# Surge pricing banner but no grid?



## socalfusions1 (Feb 18, 2015)

Been noticing the surge pricing banner in the app but no grid over my area, am I actually driving surge pricing?


----------



## YellowAntennaBall (Sep 21, 2014)

You probably need to move the map on the app to find the actual surge zone is not where you are.


----------



## Renrag760 (Dec 25, 2015)

I've noticed the same thing. When I move the map (like the above post suggests), I can't find any surge areas. Like none, anywhere in San Diego county.


----------



## Renrag760 (Dec 25, 2015)

Like so.

And I zoomed in and moved the map all over the county and all around my area.

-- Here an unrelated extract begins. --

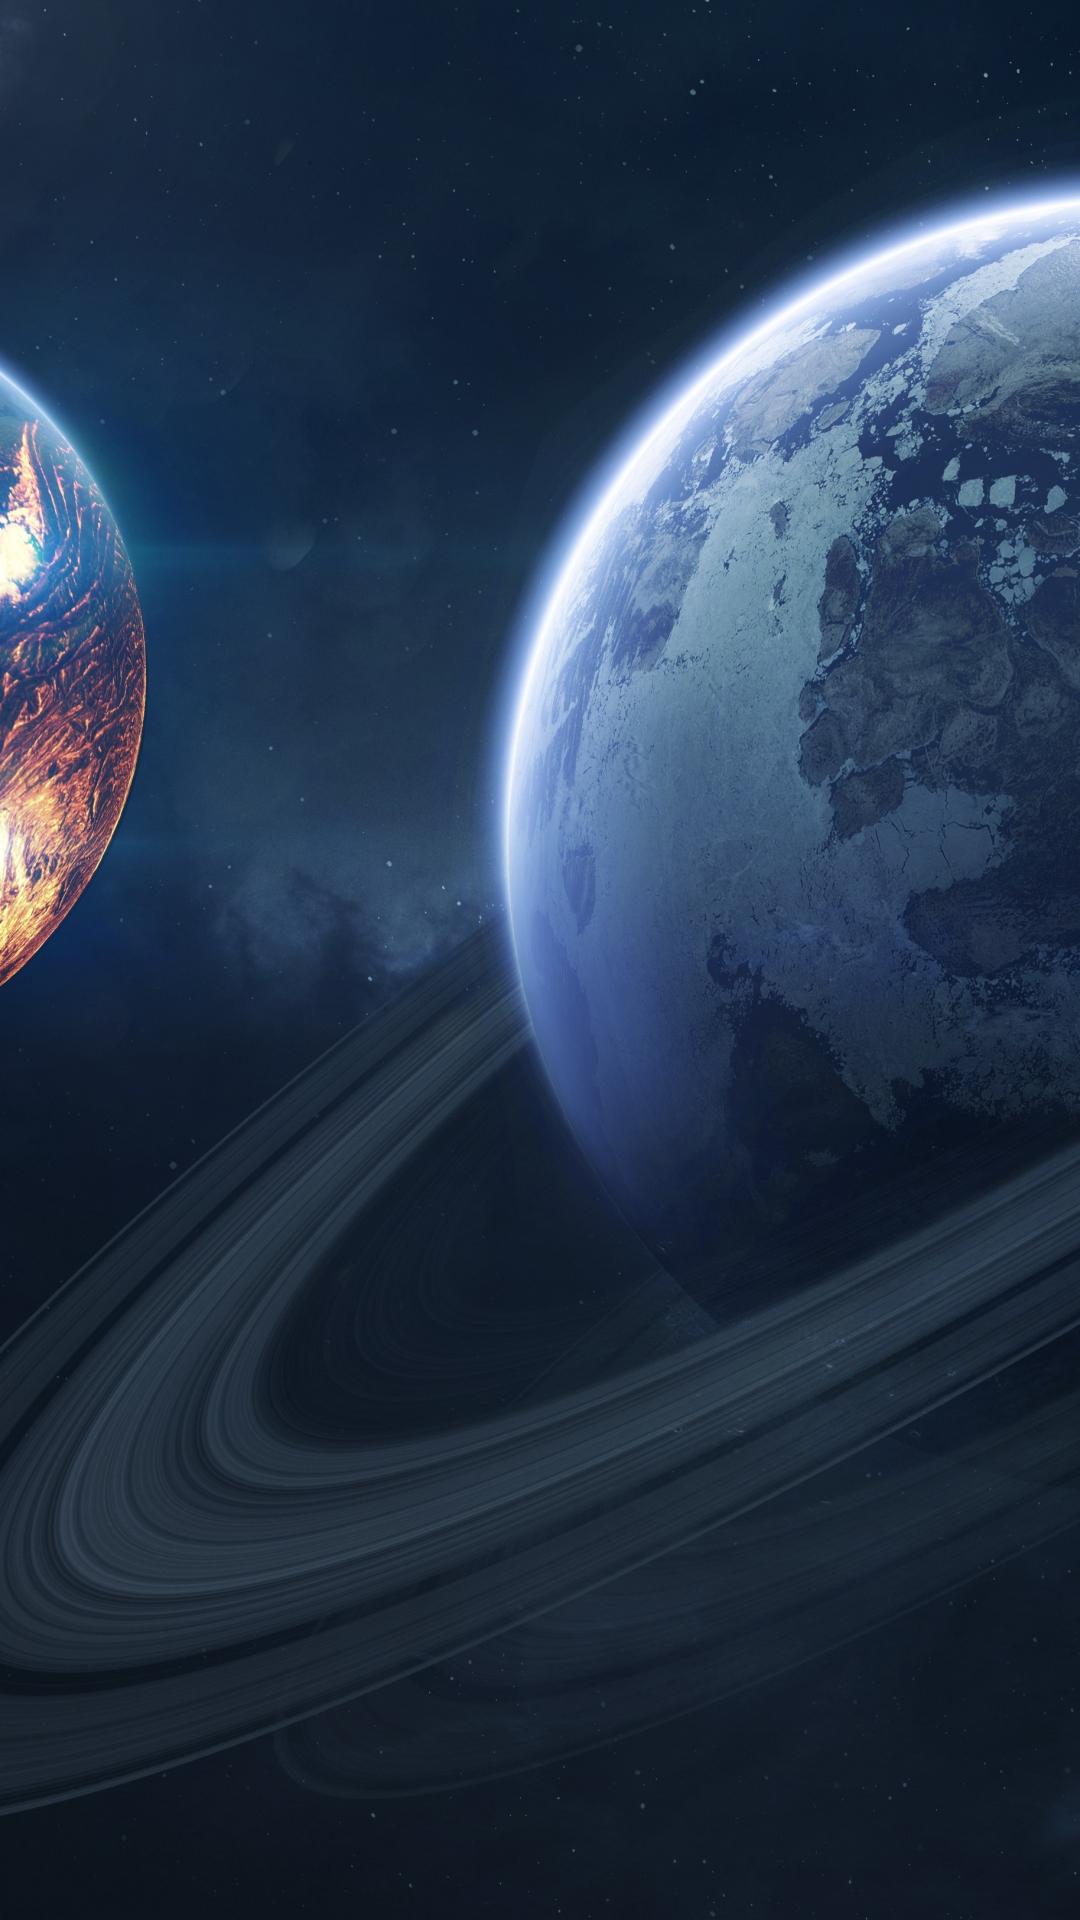 Saturn, space, planet of rings, 1080x1920 wallpaper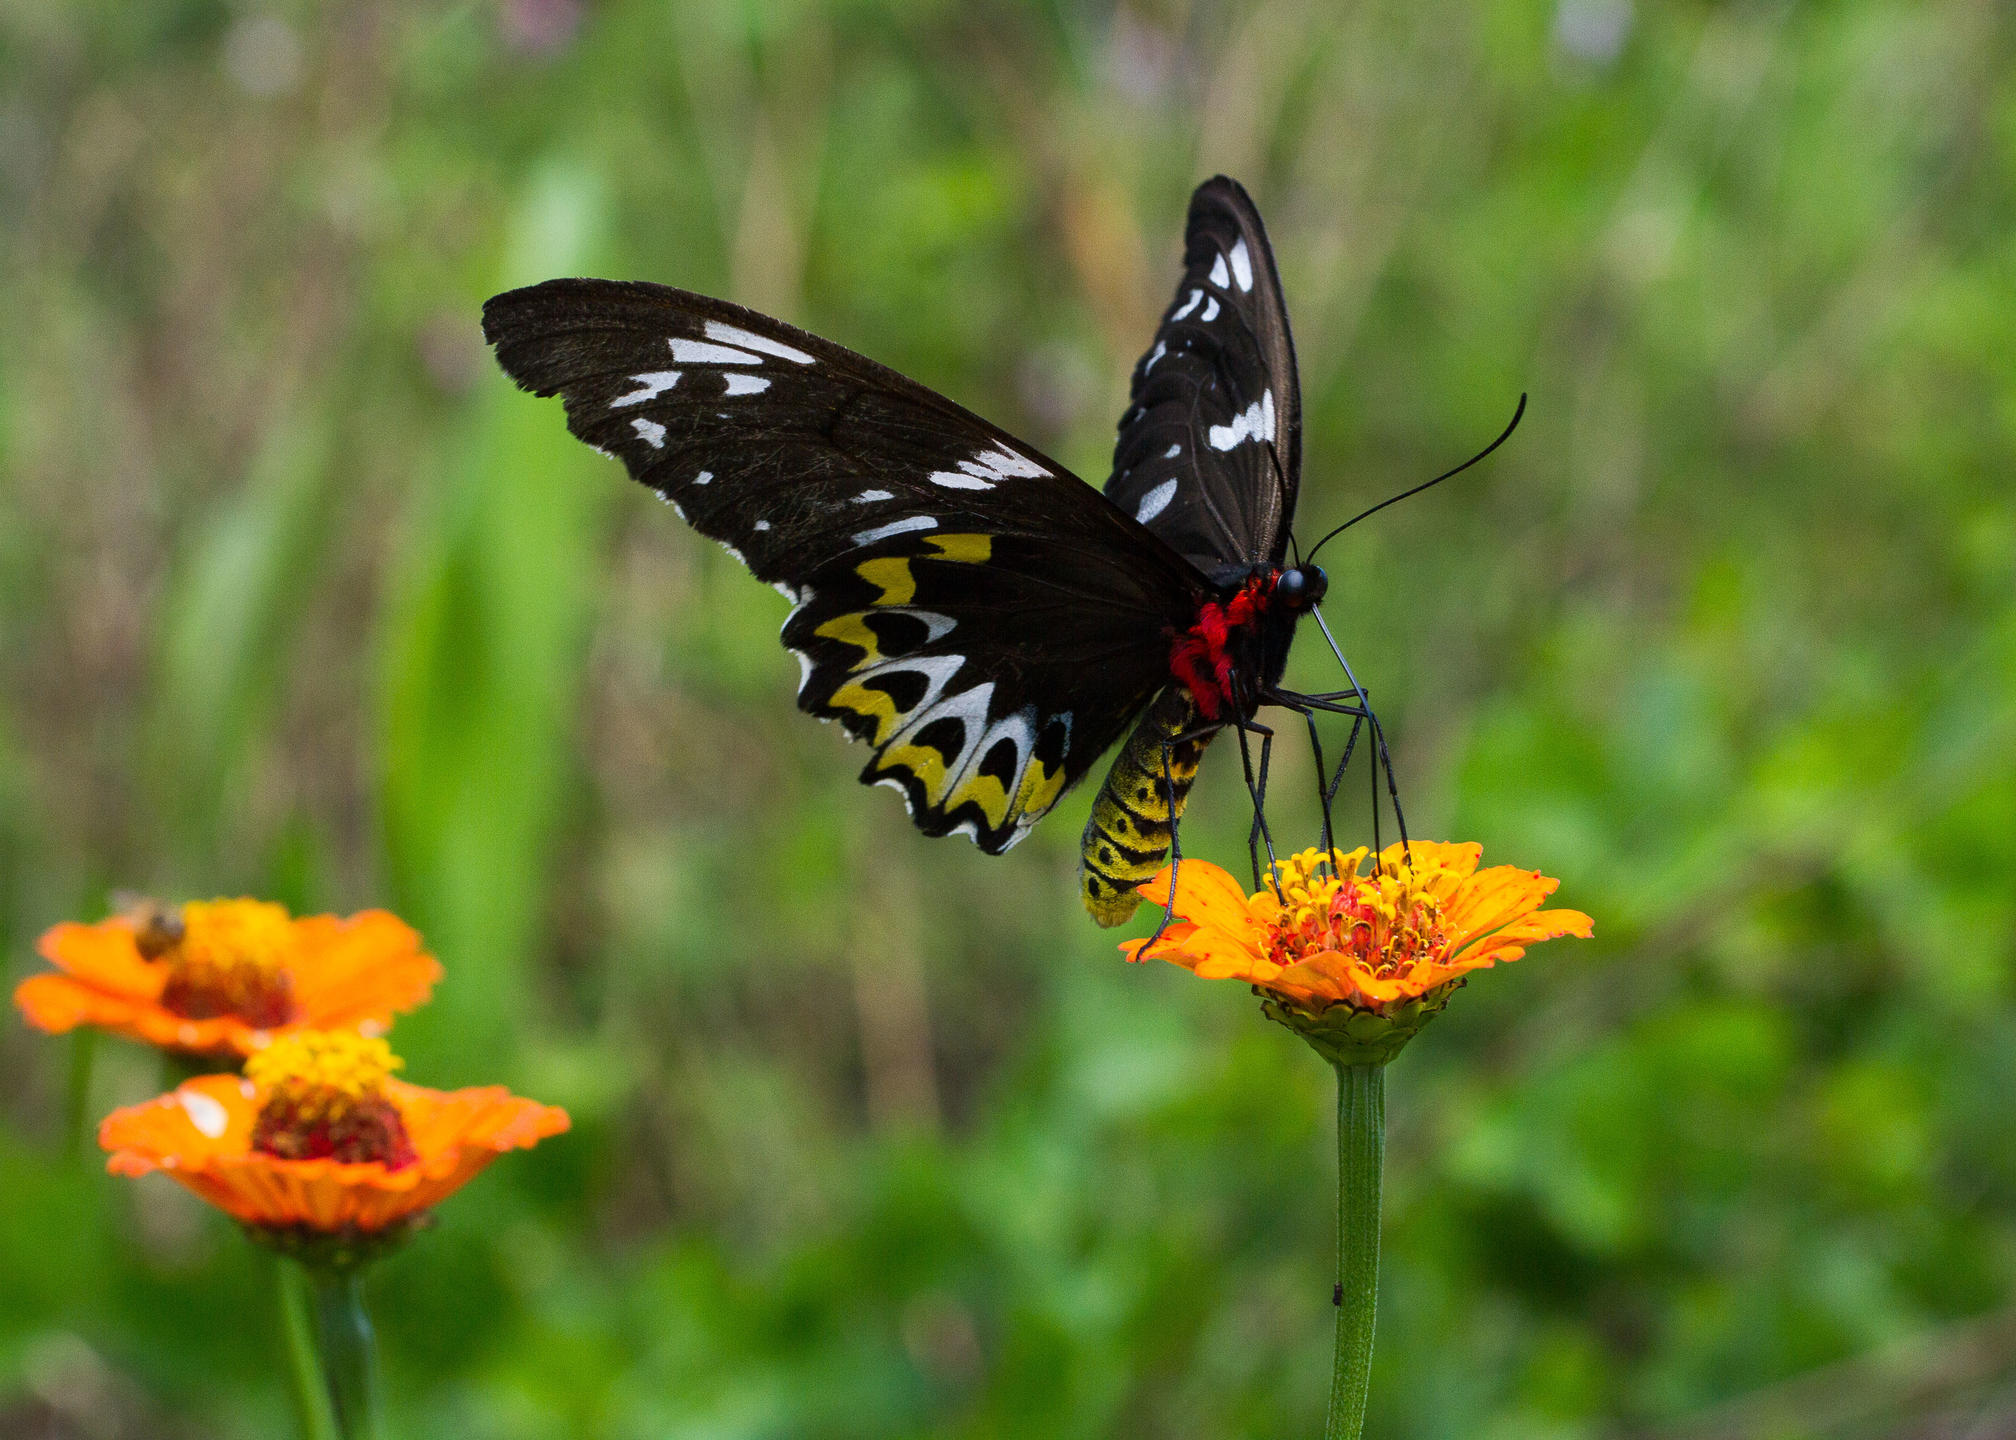 A birding butterfly resting on a flower

Not one red area to be found.


----------



## 7Miles (Dec 17, 2014)

Very easy answer, children. 
If Uber Select or Uber XL surges, you with your little Uber X see it as a surge too if you switch to Safari or other app on your iPhone . 
You won't get any surge cause you not XL but it will remind you that Uber is not all evil and some even get a surge while you get peanuts . Or while you are waiting for peanuts


----------



## 7Miles (Dec 17, 2014)

If you don't believe me - check pax Uber app and you will see XL or Select are surging while Uber X not. As soon as XL or Select stop surging, you won't see that message again. And it could be an area miles away from you too, btw.


----------



## Renrag760 (Dec 25, 2015)

Thank you 7Miles. I have yet to test it, but from the look of your avatar I feel I can trust you for some reason...


----------



## 7Miles (Dec 17, 2014)

Yep, my avatar is Uber CEO. If you can't trust Travis then I don't know who you can trust.


----------



## Renrag760 (Dec 25, 2015)

Hahahaha


----------



## JimS (Aug 18, 2015)

That's not the case. The Uber app has had a malfunction. There were reports in my area where X Drivers (including myself) saw no surge or just the blue banner (which isn't on my version of the app, so far as I can tell) aren't seeing the shaded surge area. I verified with the rider app, and X was surging in a small location 60 miles away.


----------